I think that there was always the hope that it could influence the way people thought about war. That it could alert people to its horrors and prevent it occurring again. You see, I was born during the First World War in 1915, and my earliest experiences were with people who were in that war or remembered the war very vividly, and then, just when I was beginning to paint, the Second World War began. So war became a kind of lurking terror in my mind from infancy through to late adolescence, when it was all building up again for another one.

— http://www.artgallery.nsw.gov.au/collection/artists/gleeson-james/

During the 1950s and '60s he moved to a more symbolic perspective, notions of human perfectibility. At this time he increasingly fashioned small psychedelic compositions made using the surrealist technique of decalcomania in the background, to suggest a landscape, and finished by adding a fastidiously painted male nude in the foreground. Many of his paintings had homoerotic undertones, something which reflected on Gleeson's own homosexuality.[3] The ideas for these compositions also saw Gleeson move into collage with his Locus Solus series, where he produced a substantial body of work by placing dismembered photographs, magazine illustrations, diagrams and lines of visionary poetry against abstract pools of ink.
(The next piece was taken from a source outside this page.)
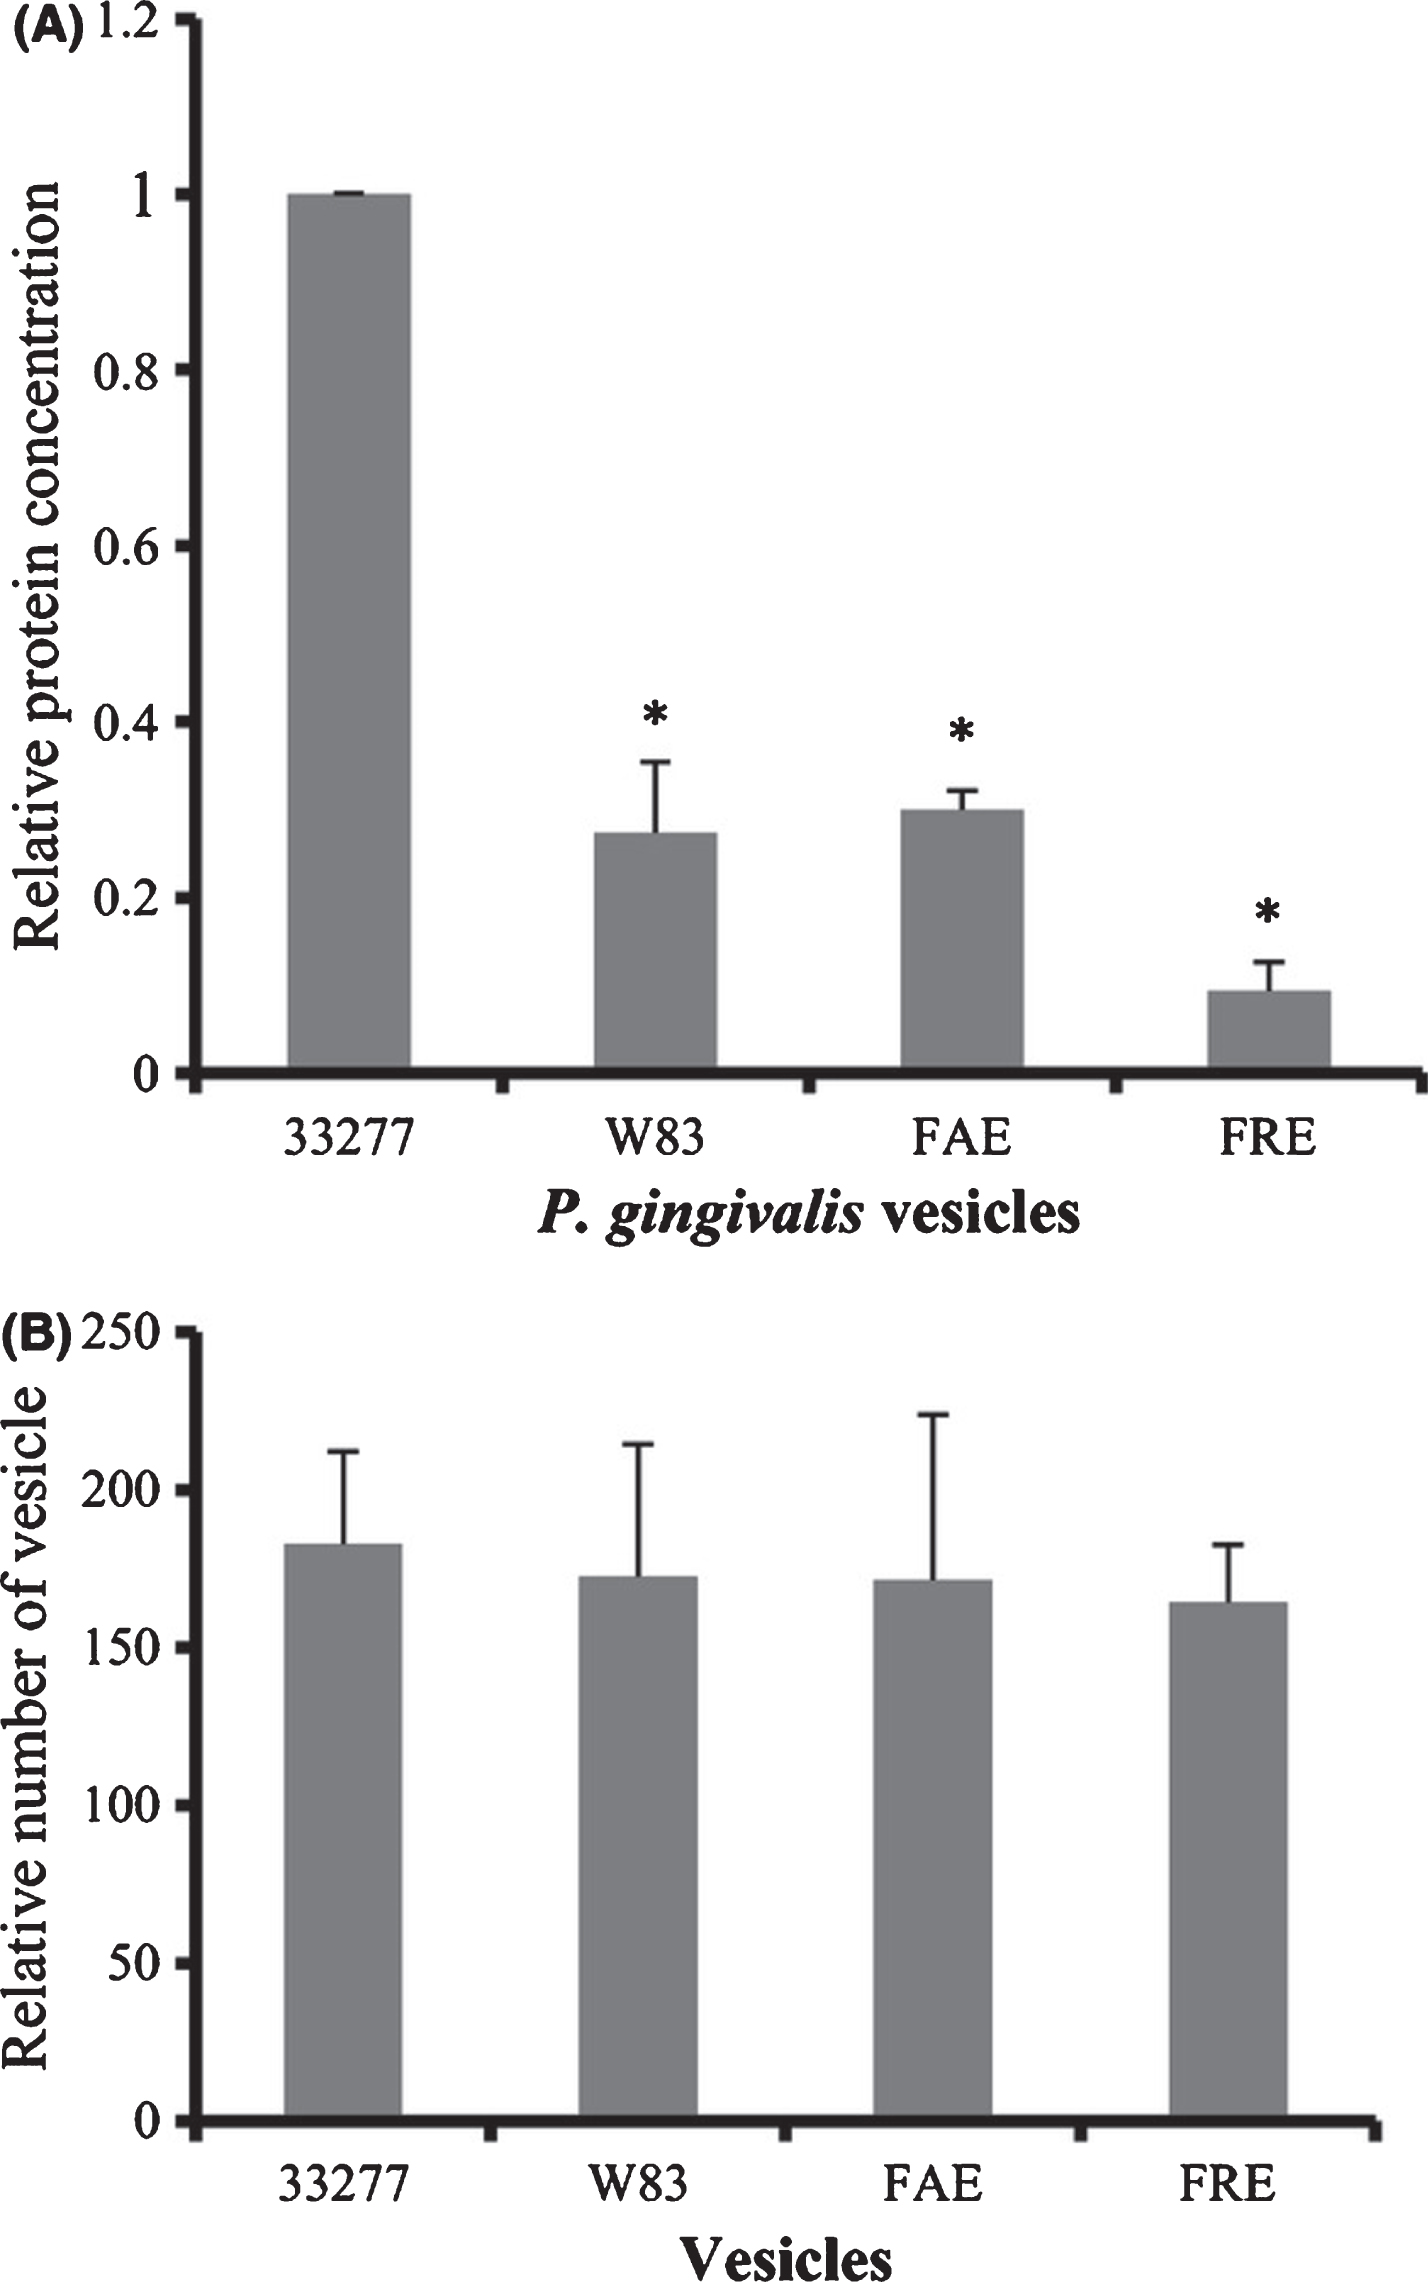 Expression of Hgp44 and FimA protein in P. gingivalis vesicles. A) Levels of FimA and Hgp44 of gingipains in surface extracts (SE) of Pg33277 or an afimbriated strain (W83), and in vesicles (V) of 33277, W83, fimAmutant (FAE), and fimRmutant (FRE) were analyzed using western blot analysis with rabbit anti-FimA or rabbit anti-Hgp44 sera. Reprinted with permission from Mantri CK, Chen CH, Dong X, Goodwin JS, Pratap S, Paromov V, Xie H (2015) Fimbriae-mediated outer membrane vesicle production and invasion of Porphyromonas gingivalis. Microbiology Open 4, 53–65, under the terms of the Creative Commons CC BY license.

Since the 1970s Gleeson generally made large scale paintings in keeping with the surrealist inscape genre. The works outwardly resemble rocky seascapes, although in detail the coastline's geological features are found to be made of giant molluscs and threatening crustaceans. In keeping with the Freudian principles of surrealism these grotesque, nightmarish compositions symbolise the inner workings of the human mind. Called 'Psychoscapes' by the artist, they show liquid, solid and air coming together and directly allude to the interface between the conscious, subconscious and unconscious mind. Gleeson's later works incorporate the human form less and less in its entirety. The human form was then represented in his landscapes by suggestions, an arm, a hand or merely an eye.

His retrospective in 2004-2005, Beyond the Screen of Sight, included 120 paintings and was exhibited in Melbourne and Canberra. The Art Gallery of New South Wales exhibited Gleeson's drawings for paintings[4] in 2003 and The Ubu diptych in 2005 to celebrate Gleeson's 90th birthday.[5] The Ubu diptych is regarded as one of his greatest.[5]

In September 2007, the largest collection of Australian surrealism ever collected was donated to the National Gallery of Australia by Ray Wilson. The collection included various works by James Gleeson.[6]

Gleeson died in Sydney on 20 October 2008, aged 92.[7][8][9] His life partner Frank O'Keefe died in January 2007.[9]